Without state-of-the-art equipment, the UK risks losing its position as a world leader in many areas of research
The UK has made some progress in updating and renewing its NMR infrastructure over the past four years, but significant gaps in capacity remain, according to a new report. The country also continues to lag behind international competitors such as France and Germany that can field twice the number of ultrahigh powered instruments.
The report, written by Mark Smith, vice chancellor at Lancaster University, in collaboration with the Engineering and Physical Sciences Research Council (EPSRC) and other research councils, provides an insight into how this landscape outside clinical applications has changed since the last one in 2012. It sets the scene for an open meeting in London on the 24 February that will discuss current NMR provision and how the community should spend the £22 million capital investment earmarked by government for ultrahigh/very high field NMR across the sciences.
The 2012 survey was sparked by emerging evidence that the UK’s NMR infrastructure was outdated and failing to meet demand. A call from the EPSRC for ‘core capacity chemistry’ attracted 20 bids from 22 universities all asking for NMR equipment as a matter of some urgency. The council recognised that without modern state-of-the-art NMR equipment, the UK’s position as a world-leader in many areas of research would soon be eroded. But with decreasing capital resources, there was also a need for a more sustainable equipment infrastructure.
Four years on, explains Smith, it is time to take stock, in part to see if there has been improvement in the country’s NMR infrastructure and in readiness for the new £22 million investment. Since the money is for use across all sciences, the 2016 survey included life science departments. In total, 43 universities and research institutes contributed.

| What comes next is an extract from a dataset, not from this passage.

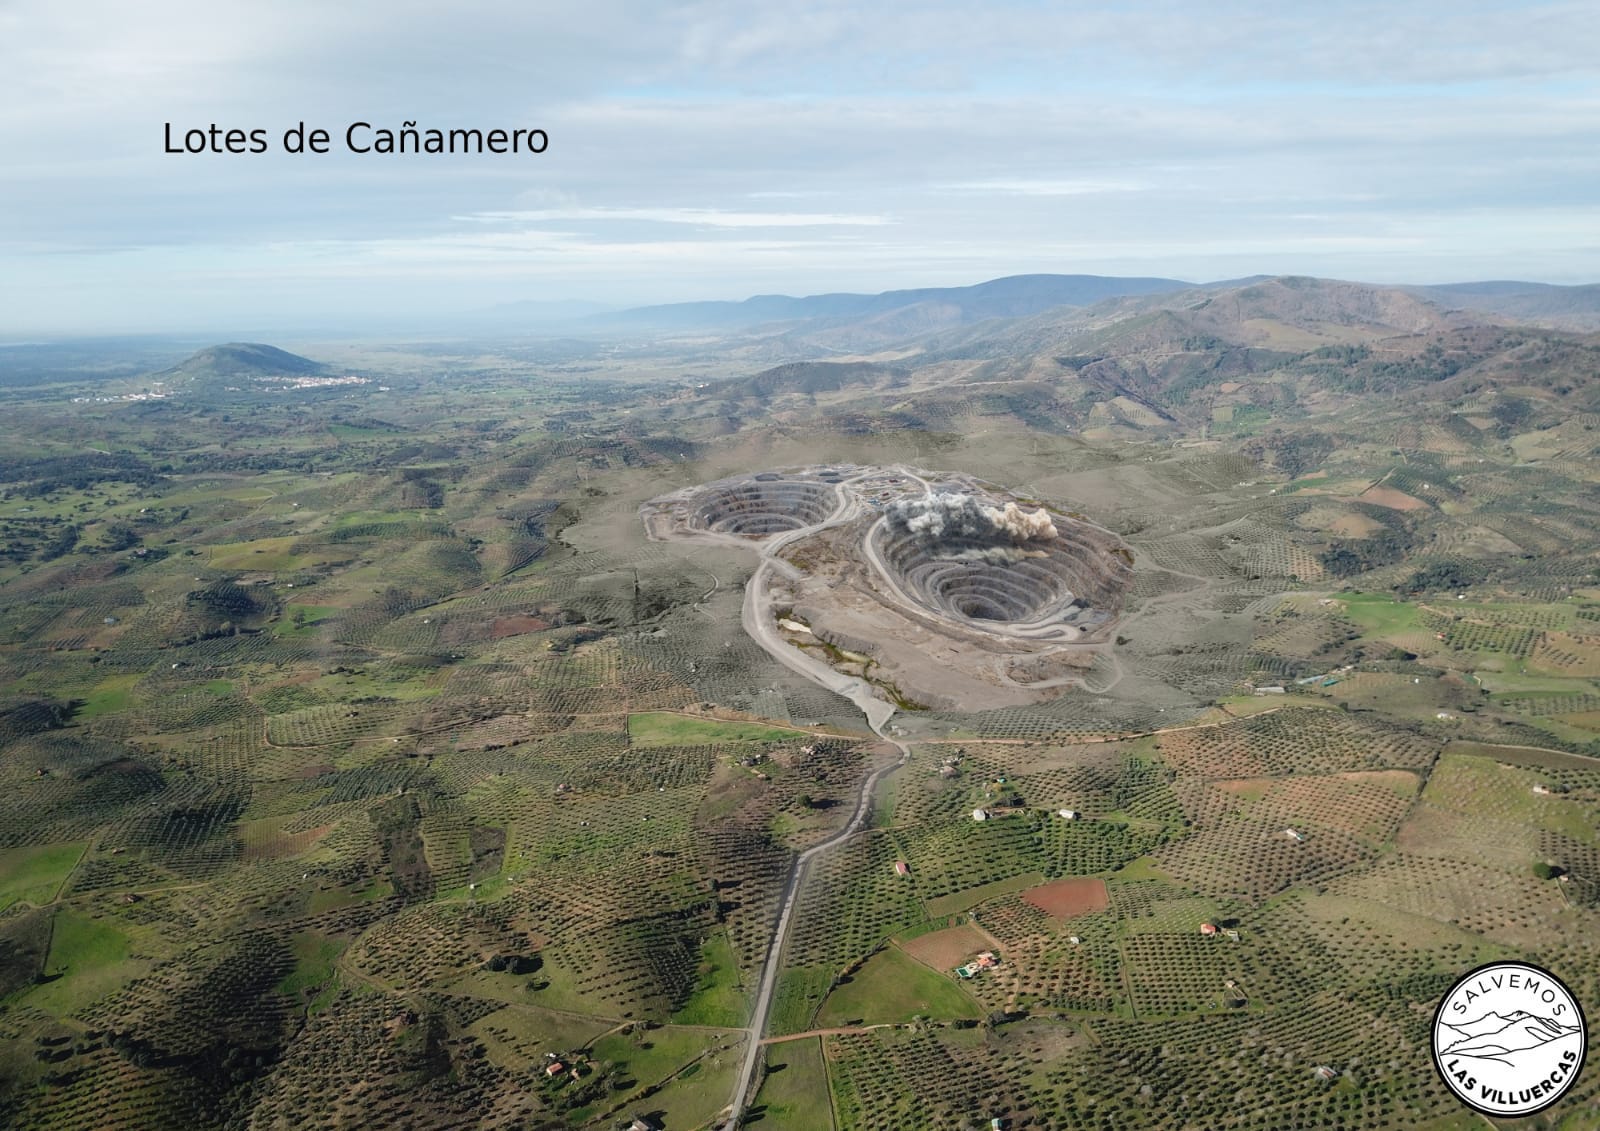 Lotes-de-Cañamero-mineras La Plataforma Salvemos Las Villuercas defiende el Geoparque contra las empresas mineras

There has been some progress since 2012. The recommendations for a 600MHz dynamic nuclear polarisation (DNP) facility, for example, is now up and running at the University of Nottingham and the average age of instruments has fallen. ‘It is clear there has been significant investment in the UK’s NMR infrastructure since 2012,’ Smith says. ‘The stock has become newer and more modern – equipment less than two years old and less than five years old has both increased. There has also been some progress in upgrading ageing equipment, though there is still a legacy of instruments over 20 years old, which are becoming obsolete or are in poor condition and this needs to be addressed.’
The report recommends developing a more systematic approach to upgrading or retiring instruments, alongside national replenishment schemes to ensure institutes have good research capabilities. A call is also made for more clarity on the relationship between funding bodies and universities, and a better understanding of whose responsibility it is to fund what.
‘Regardless of any plans for very high-field equipment, it is the medium- to high-field instrumentation that underpins a wide range of synthetic and materials chemistry, and researchers need easy, rapid access to this, preferably within their own departments,’ says Sharon Ashbrook, professor of physical chemistry at the University of St Andrew’s. ‘It is not clear at present how this will be funded and maintained.’ The situation is further complicated, she says, by the different ways in which NMR instrumentation is used, with some equipment providing more of a high-throughput service, and some providing support for less routine experiments, as well as more cutting-edge research in magnetic resonance and its chemical applications. This all needs to be factored in to any future funding model, she adds.
The survey highlighted that in the UK, there are only two ultrahigh 950MHz NMR instruments for solution state NMR and one 850MHz facility for solid state work. In contrast, France and Germany have at least twice this capability. ‘At below 800MHz, the infrastructure is highly competitive nationally, the key challenge now is to make it competitive above 800MHz in line with its European neighbours,’ says Smith.
At the open meeting later this month, the community will get the opportunity to discuss the best way to spend the £22 million. For example, would it be better to have access to two 1GHz instruments – one for solid-state and one for solution NMR – or would a better scenario be a larger number of 900MHz instruments and upgrades of 800MHz ones?
‘High-field NMR is crucial for research at the chemistry–life sciences interface, as it enables dynamic structural and mechanistic studies with biomolecules in a way other methods can’t,’ explains Gerd Wagner, reader in medicinal chemistry at Kings College London. ‘These samples can often be fragile, so onsite access would be a distinct advantage for such applications. State-of-the-art high field NMR also enables unprecedented studies into the interactions between small molecules and biomacromolecules, which underpin much of drug discovery and chemical biology.’